Arnold Palmer Chicken

Prep Time: 12 hrs

Cook Time: 30 min

Difficulty: Beginner

This marinated chicken is tribute to the sweetness of a Southern Summer with sweet tea, lemonade, and fresh lemons.

Ingredients

Serving Sizes

Marinade

  • 3 cup(s) Water
  • 6 each Sweet Tea Bag(s)
  • 1 cup(s) Frozen Lemonade Concentrate, thawed
  • 1 each Small Onion, sliced fine
  • 4 each Garlic Cloves, minced
  • 2 ounce(s) Rosemary, diced fine
  • 1 tablespoon(s) Red Pepper Flakes
  • 2 tablespoon(s) Ben's Heffer Dust
  • 2 cup(s) Ice

Chicken

  • 6 each Boneless Skinless Chicken Thighs
  • 1 tablespoon(s) Extra Virgin Olive Oil
  • 3 tablespoon(s) Chef John's Soul Powder
  • 2 each Lemons, sliced
  • 1 each Lemon(s), halved

Tools Needed

  • Medium Pot
  • Medium Sized Bowl
  • Gallon Zip Top Bag
  • Step 1: Bring 3 cups water in a medium sauce pan to a boil and add tea bags.
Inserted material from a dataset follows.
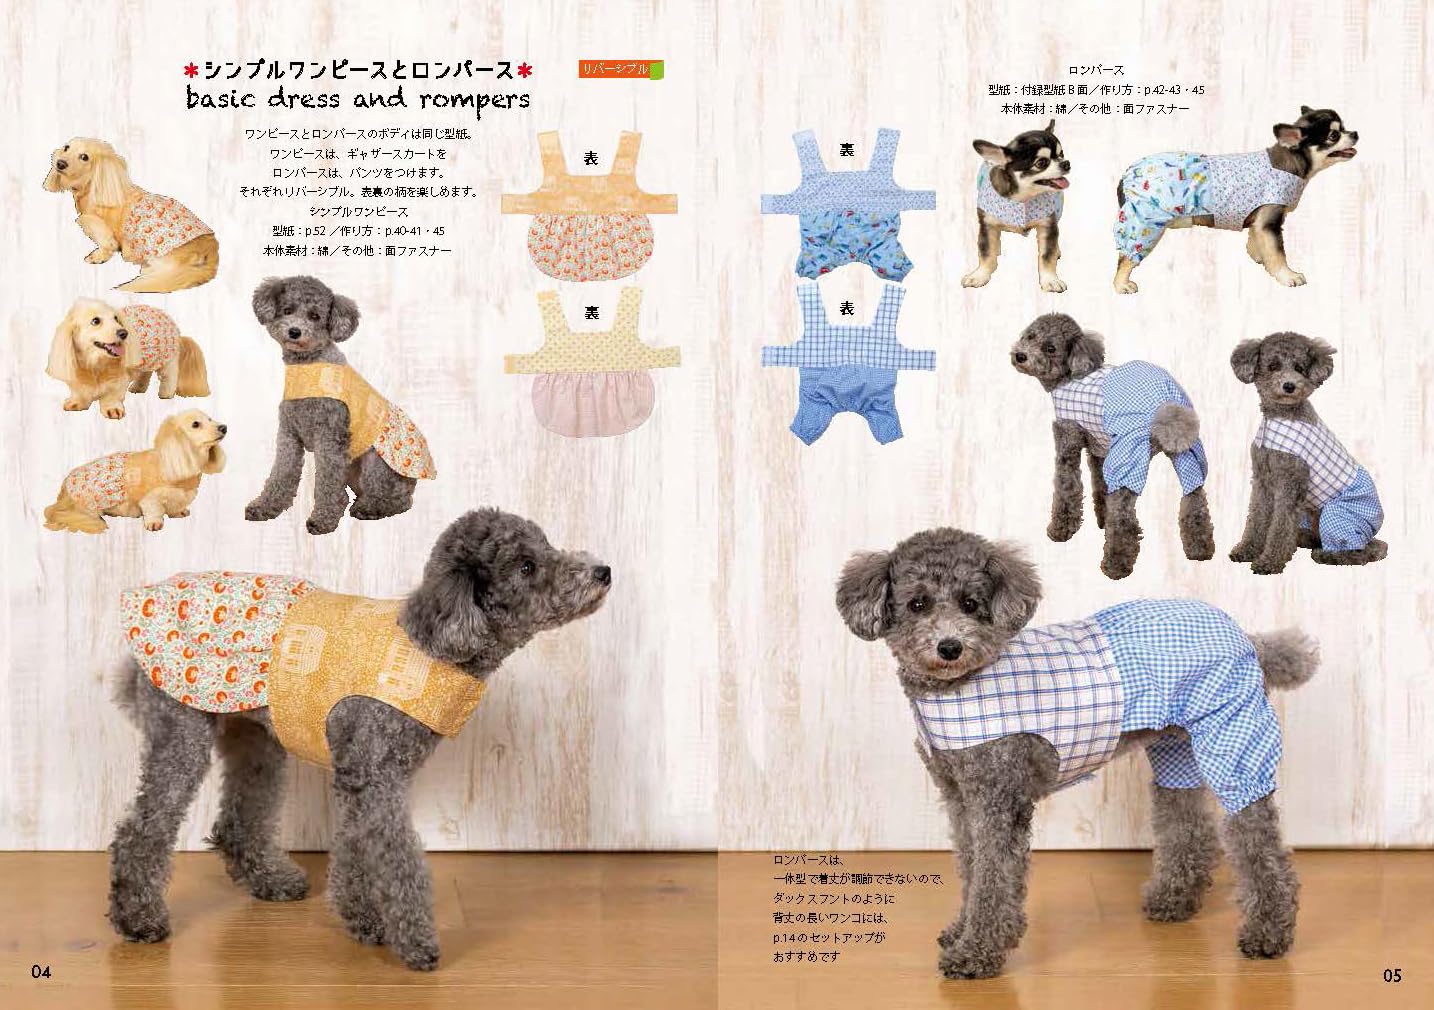 Japan | 平面的寵物衣服 從褲子到連身裙 從尿布到外套 | books 書籍

Remove from heat and cover. Steep for about 10 minutes and squeeze and discard tea bags.
  • Step 2: Stir in lemonade, onion, garlic, rosemary, pepper, and Ben's Heffer Dust.
  • Step 3: Cool completely and stir in ice.
  • Step 4: Place tea and chicken in a gallon sized zip top bag and refrigerate 12 hours.
  • Step 5: Preheat recteq to 350°F.
  • Step 6: Remove chicken and pat dry.
  • Step 7: Brush chicken with Extra Virgin Olive Oil and season with Chef John's Soul Powder Rub.
  • Step 8: Place lemon slices on grates and place chicken on top. Add lemon halves to grates rind-side up.
  • Step 9: Cook for 15 minutes, remove lemon halves, and set aside.
  • Step 10: Flip chicken, discard lemon slices, and cook until an internal temp of 175°F is reached.
  • Step 11: Remove, plate, and squeeze lemon halves onto chicken.

Chef Pairings

We suggest you serve up this tender Arnold Palmer Chicken with a tomato salad and Southern Style Mac & Cheese.